My notes indicated that we had called 38 coyotes in by the end of our third afternoon, as the wind sharpened and snow sifted across the landscape. We walked to a deep, deer-filled coulee slicing through wheat fields and tucked into a fence line at the top of the draw. The minute we fired up the female invitation call, a coyote popped out of the brush 800 yards away, sat on a snowy ledge and casually looked our way. No matter how we amped the volume or changed the cadence of our call, the coyote wouldn’t unlock.
Then we changed to a male challenge howl, and the coyote jumped up and started running toward us. It was as though we had lit its fuse, but that wasn’t all. Four other coyotes poured out of the willows and joined the first.

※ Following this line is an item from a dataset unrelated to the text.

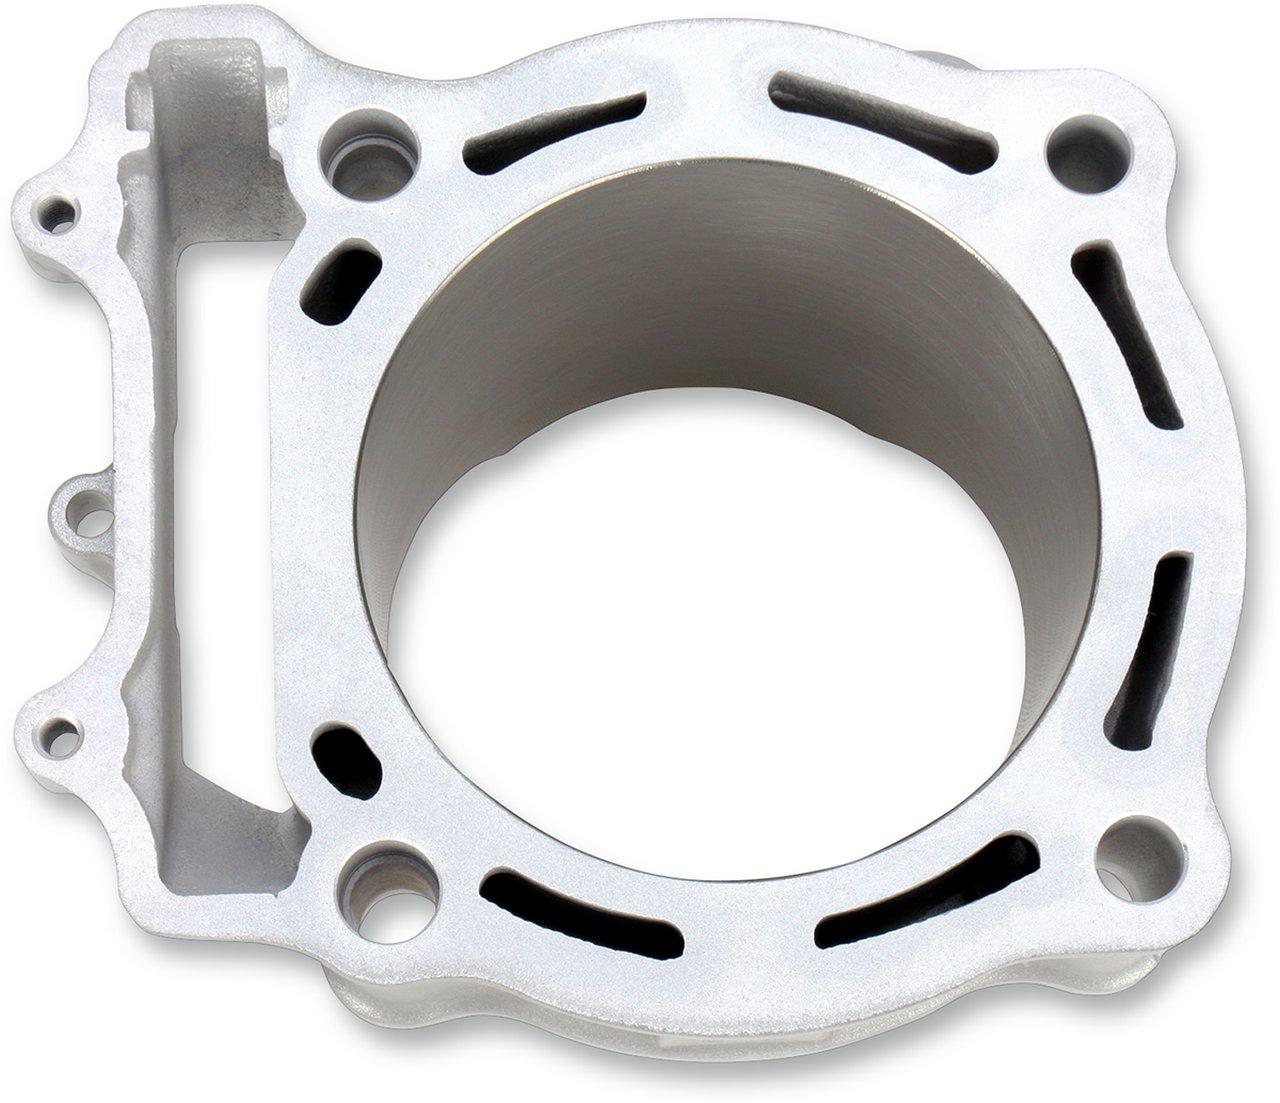 【MOOSE RACING】維修用汽缸 [0931-0461] - 「Webike-摩托百貨」
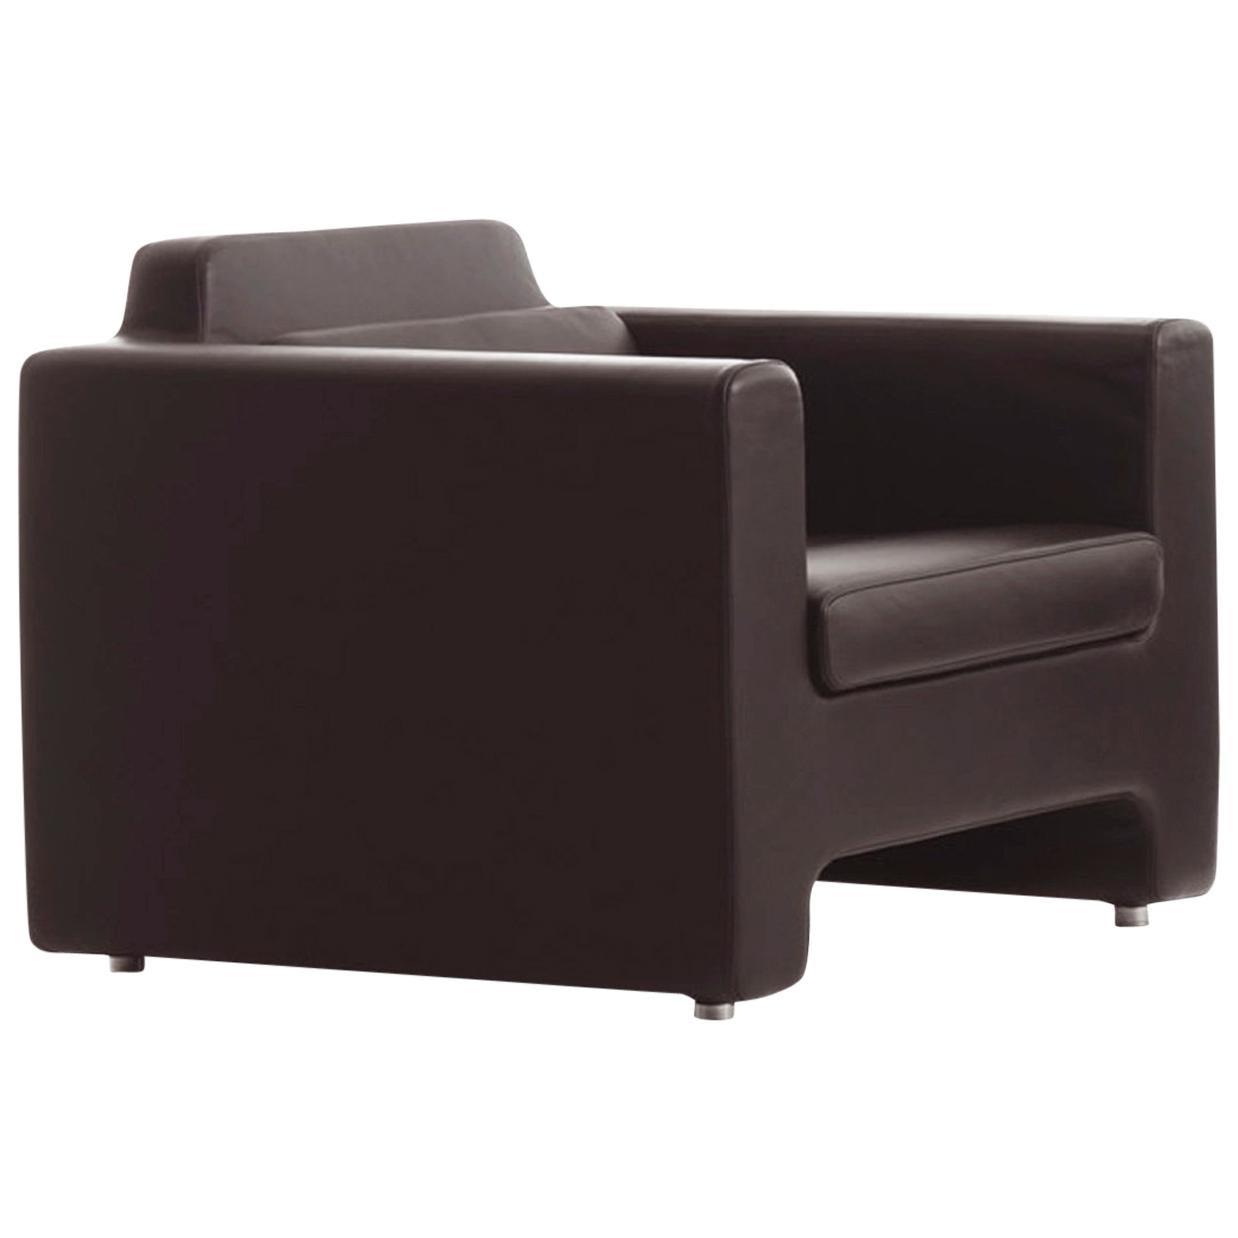 Baleri Italia Horizon Armchair in Brown Leather by Arik Levy

I don’t get rattled too often, but suddenly I felt like prey myself, watching the predators home in on our location, spread out like a military formation, and close in. They were totally keyed in on the call. When we stopped playing the howl, the coyotes stopped and sat down. We turned it back on and they resumed their approach. At about 300 yards the coyotes changed strategies and turned downwind, trying to flank us so they could cut our scent. Any minute they would turn into the wind, smell us and the game would be over.
They disappeared over a rise and Jason jumped up and ran to a high spot. When the pack appeared they’d be well within range. I stayed in the fencerow, trying to unfreeze my eyelashes. A shot cracked through the gale. Then another. Then two more before Jason returned to the stand, the downcast look on his face explaining everything.
But I didn’t care. We had talked an entire pack of predators nearly into our laps using their own language. We had seen the light in their eyes as we provoked some deep canine need to join the pack, to fight a rival, to tend a pup. Besides, the approaching darkness meant I could leave the frozen tundra, thaw my feet and warm my fingers. And haunt Jason about his marksmanship.